Makiko's eyes widen. "Wait, he can sing?... You can sing?"
I nod my head. "Yeah. Magdalena is a Catholic school, and we had a big emphasis on our choral programs. When we were younger, we used to sing together a lot in the church choirs."
"Oh…so like, you just do church singings, then?" Makiko tilts her head a little bit, and though her question might've been a bit insulting, I could tell that there was no ill will behind it.
Sayumi laughs. "I'm sure that she does more than just church singings, Makiko. Don't be rude."
The three are looking at me, then, with a mixture of expecting and bored—Reika seems utterly uninterested in the current topic—eyes. Not wanting to let them down, I nod again.
"Yeah, um, Oneesama—sorry, my teacher Sister Marina, she always said I have a real talent for singing. I took private lessons with her for the past three years, and she's helped me develop my voice and range in a lot of ways I didn't expect."
As I talk, Reika's attention returns to me, and I can see a bit of surprise coming across the faces of the three gathered. Makiko covers her mouth for a minute, before she shakes her head and lets the words gush out of her mouth.
"That's so cool! Can you sing for us? Not here, obviously, but like, during lunch—we have this spot hidden behind—"
"—Makiko—," Makiko's words are interrupted, as Reika and Sayumi scold her in unison.
"—well, um, hidden behind something, and we'd love to hear you sing. I know that I may not look like the most artistic person in the world, but music is one of my absolute favorite things." Makiko finishes, a blush growing across her face.
Reika and Sayumi glance at each other, and then Sayumi glances at me, and Reika glances at Makiko. Makiko promptly looks at her feet.
Sayumi laughs, cutting me off before I can reply, and gives me a smile. She runs a hand through her hair, before tossing some curls that had came out of position back behind her ear.
"If you'd like, Felisa, you're more than welcome to get lunch with us. No singing required. It gets pretty hectic during lunch, though, and we try to stay out of the crowds…so if you want to come, I'll be waiting out by the school's east doors for a few minutes." She winks at me. "No hard feelings if you end up with other plans. I know first days can be hectic."
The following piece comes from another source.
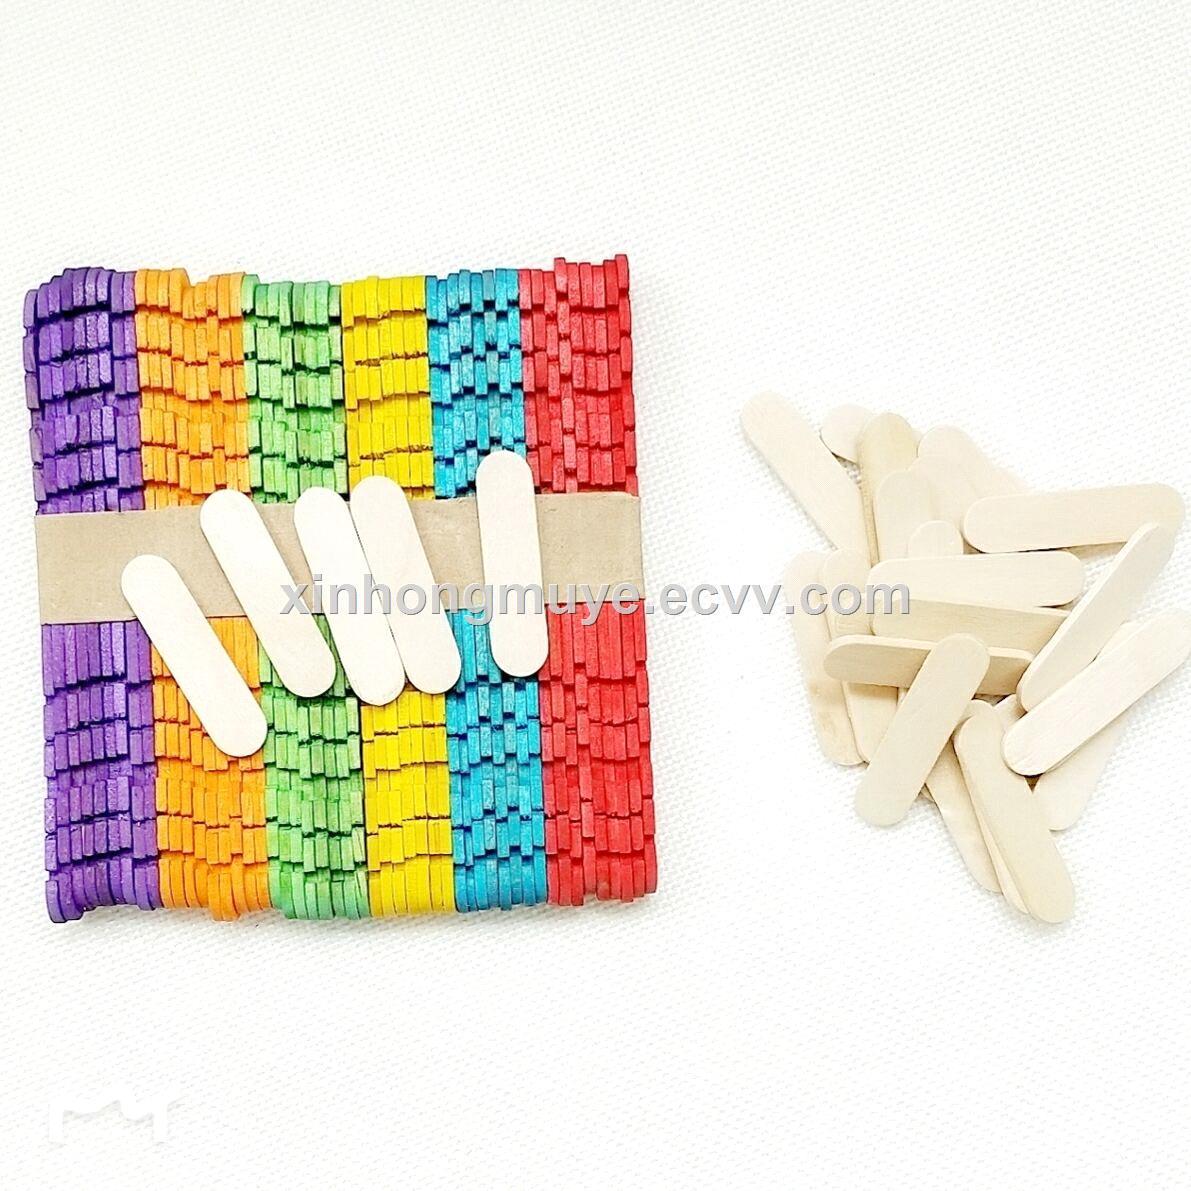 Wooden Icecream Craft Sticks For Diy Handel Art Craft 114x10x2mm

"Thanks." I smile back to her.
There's a pause in the natural flow of conversation, but it doesn't last for long. Reika's low voice breaks the silence.
"…You said Daisuke sings, though? Is he any good?" As Reika speaks, Makiko's attention is drawn back from the ground, and she returns to watching me expectantly.
"He's good for his year," I say back, not really intending any insult. Reika's eyebrow cocks for a moment, before a wry smile forms on her lips. Makiko giggles.
"But not good enough for private lessons?" Sayumi asks, sharing Reika's smile. My eyes flick away and Sayumi laughs, a heartier and fuller sound than Makiko's continuing giggles.
I start to respond more, but it's getting difficult to hear each-other, as the courtyard fills up with more people and more conversations. Sayumi pulls out her phone, flashing me her KDDI-SK captcha, and I scan it.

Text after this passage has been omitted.